After the tribute, the Avalanche presented the veteran goaltender with a regulation-sized silver stick, and the NHL passed along a piece of crystal, both to commemorate Roy's unprecedented 1,000th career game.
Smiling, Ray Bourque watched from a private box upstairs.
A few minutes earlier, Bourque had addressed the Avalanche, offering more of an affirmation of belief in his former team than a pep talk. As he stood in the middle of the room, Bourque could look over to the doorway, where his beleaguered friend sat at a stall. Bourque didn't need to say it. Roy knew it. Bourque still believes that the has-Patrick-lost-it debate is premature, and that Monday night's thousandth-game commemoration didn't deserve to be thought of as a tribute to a career in decline.

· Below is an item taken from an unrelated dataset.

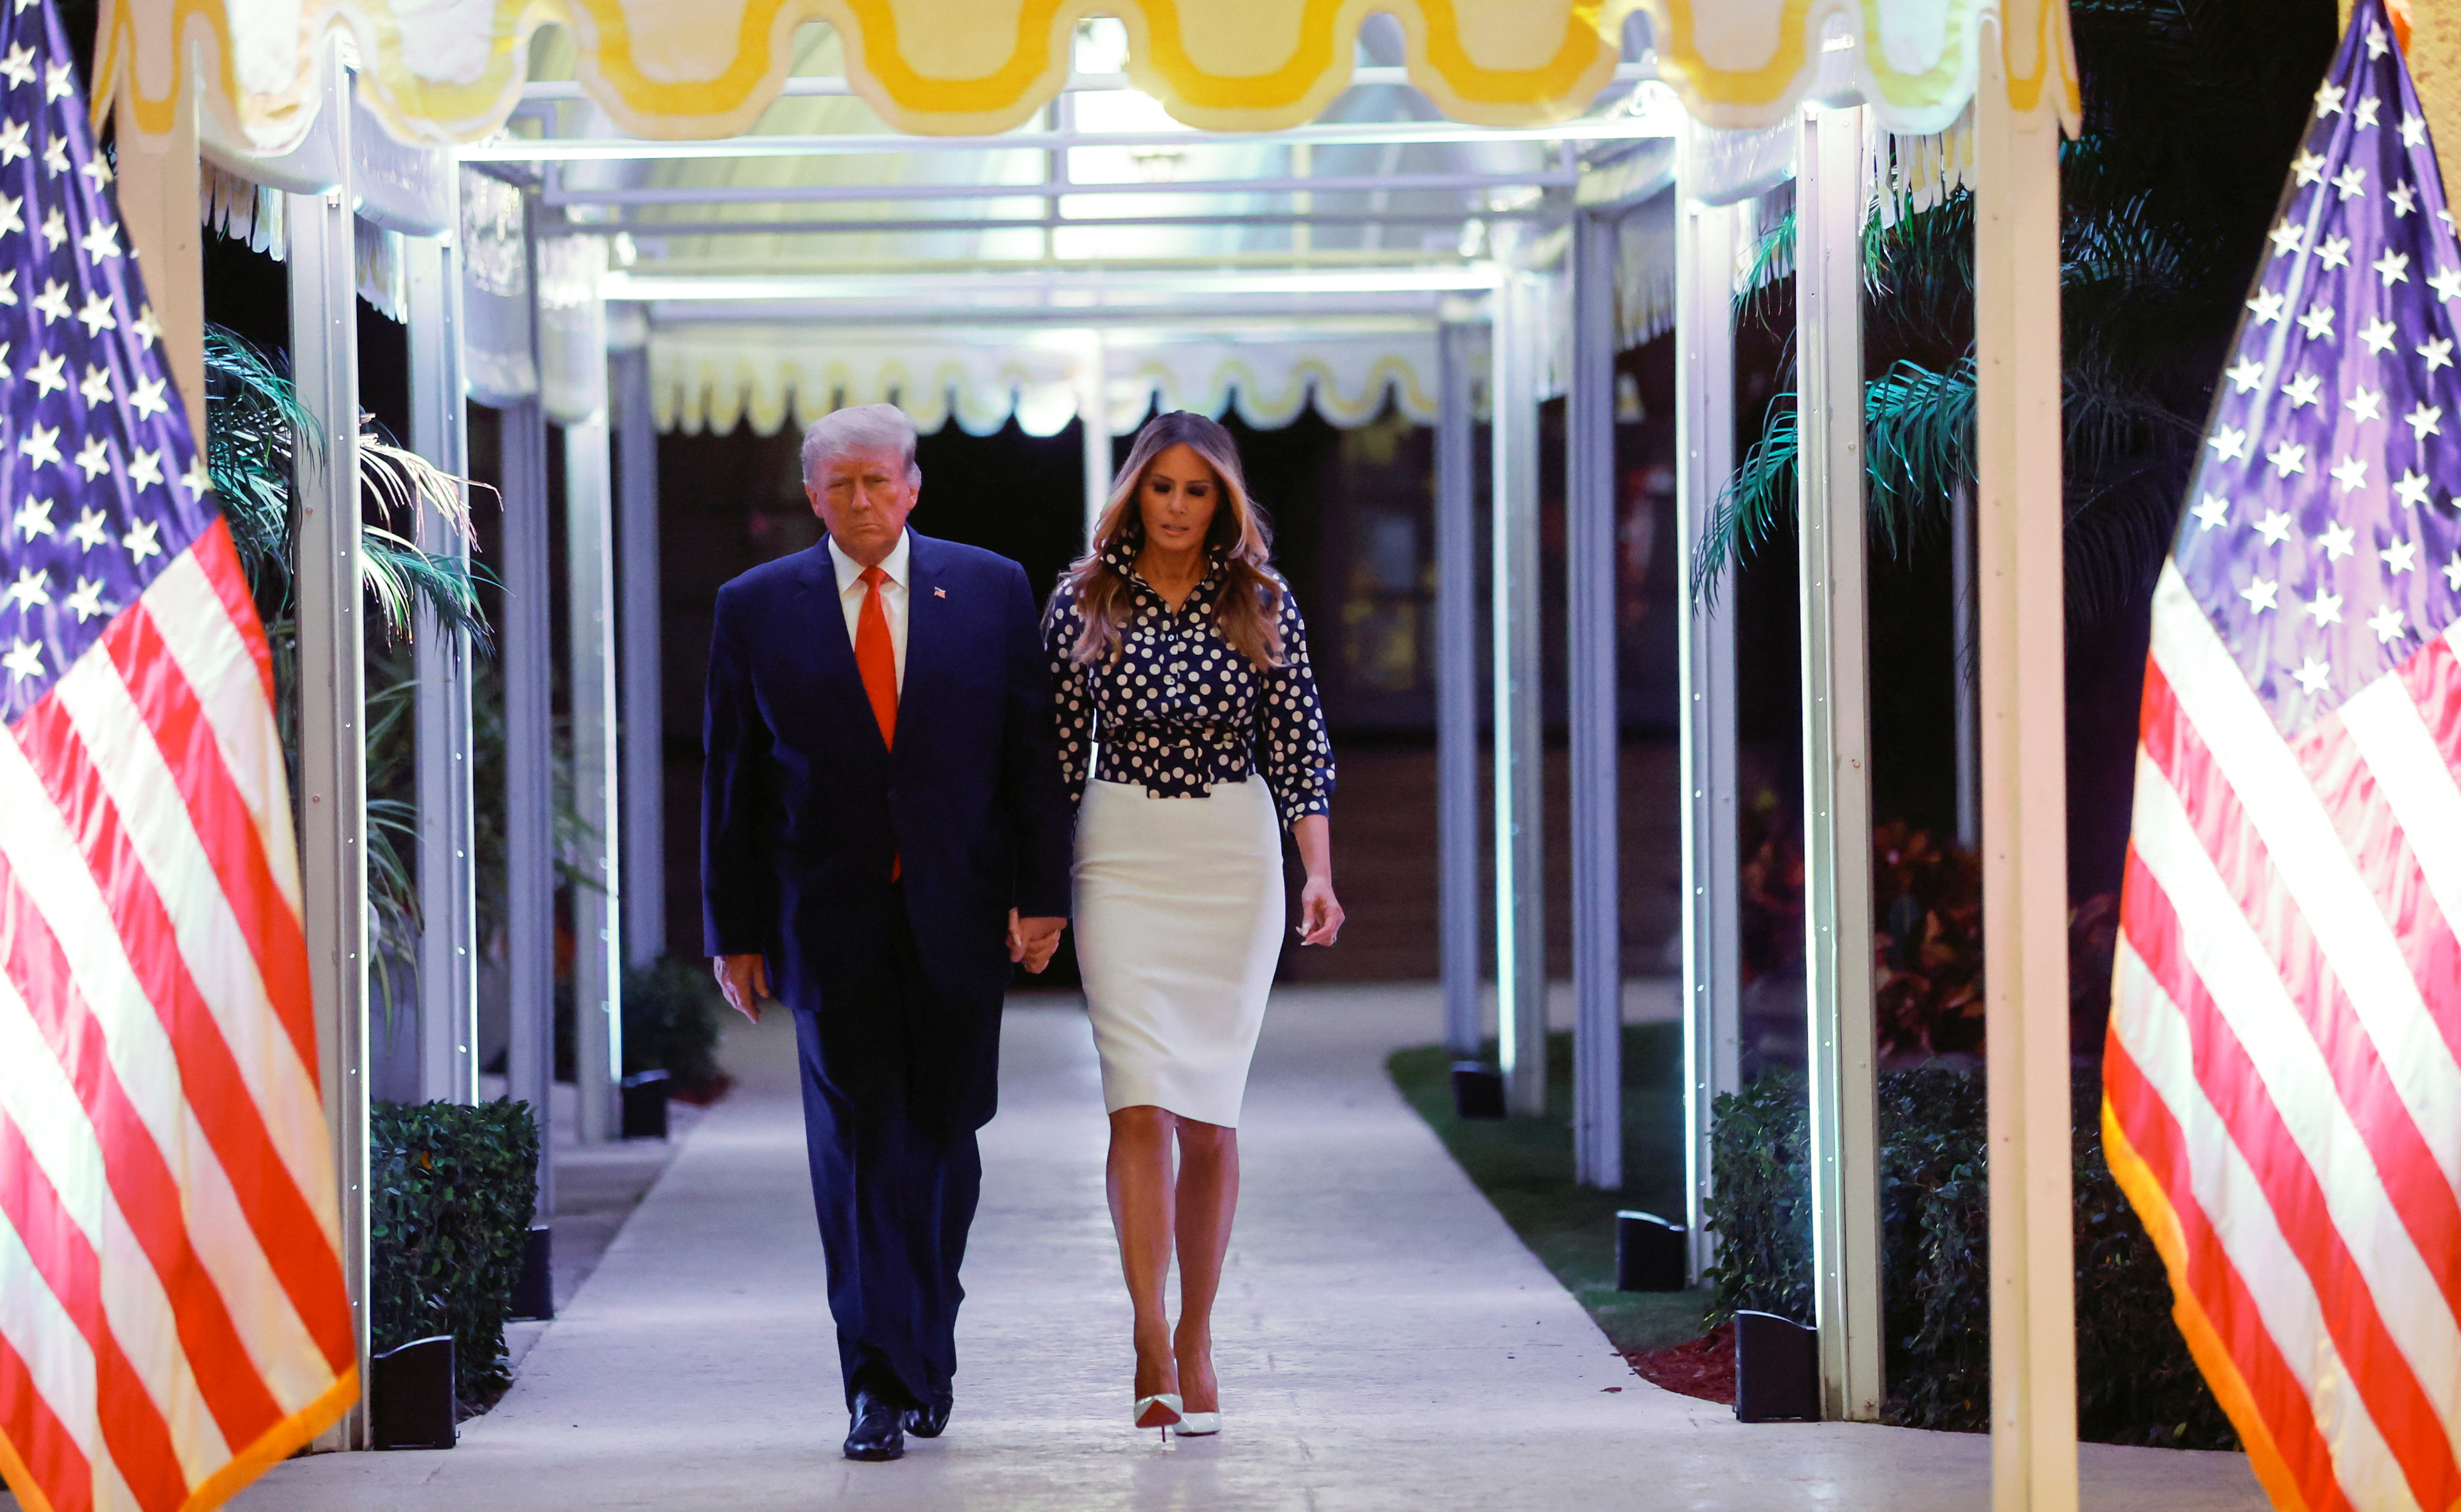 El ex presidente de Estados Unidos, Donald Trump, llegó con su esposa, Melania Trump, para anunciar que volverá a presentarse como candidato a la presidencia de Estados Unidos en las elecciones presidenciales de 2024. (REUTERS)

Bourque's longtime friendship with Roy deepened in their season and a half as Colorado teammates, and in the championship celebration that sent Bourque into retirement. One of the prerogatives of retirement is the right to go flying downhill without worrying about violating contract clauses, and Bourque and his family have traveled from the Boston area for a Colorado ski vacation.
"It worked out great," Bourque said in the box. "I hadn't seen the guys yet this season, and I wanted to come around and see things for myself. It was perfect timing for Patrick's 1,000th, and that was pretty remarkable.
"The thing is, not too many forwards or defensemen have played 1,000 games and now a goalie has. ... More important, look at the way he's played them, with the numbers he's put up in other areas. He's had a phenomenal career, and he just keeps adding on and adding on."
As Bourque helps coach his sons' hockey teams and is involved in several business ventures back in Boston, he hears the rumblings about Roy. And he also talks often with his former teammate.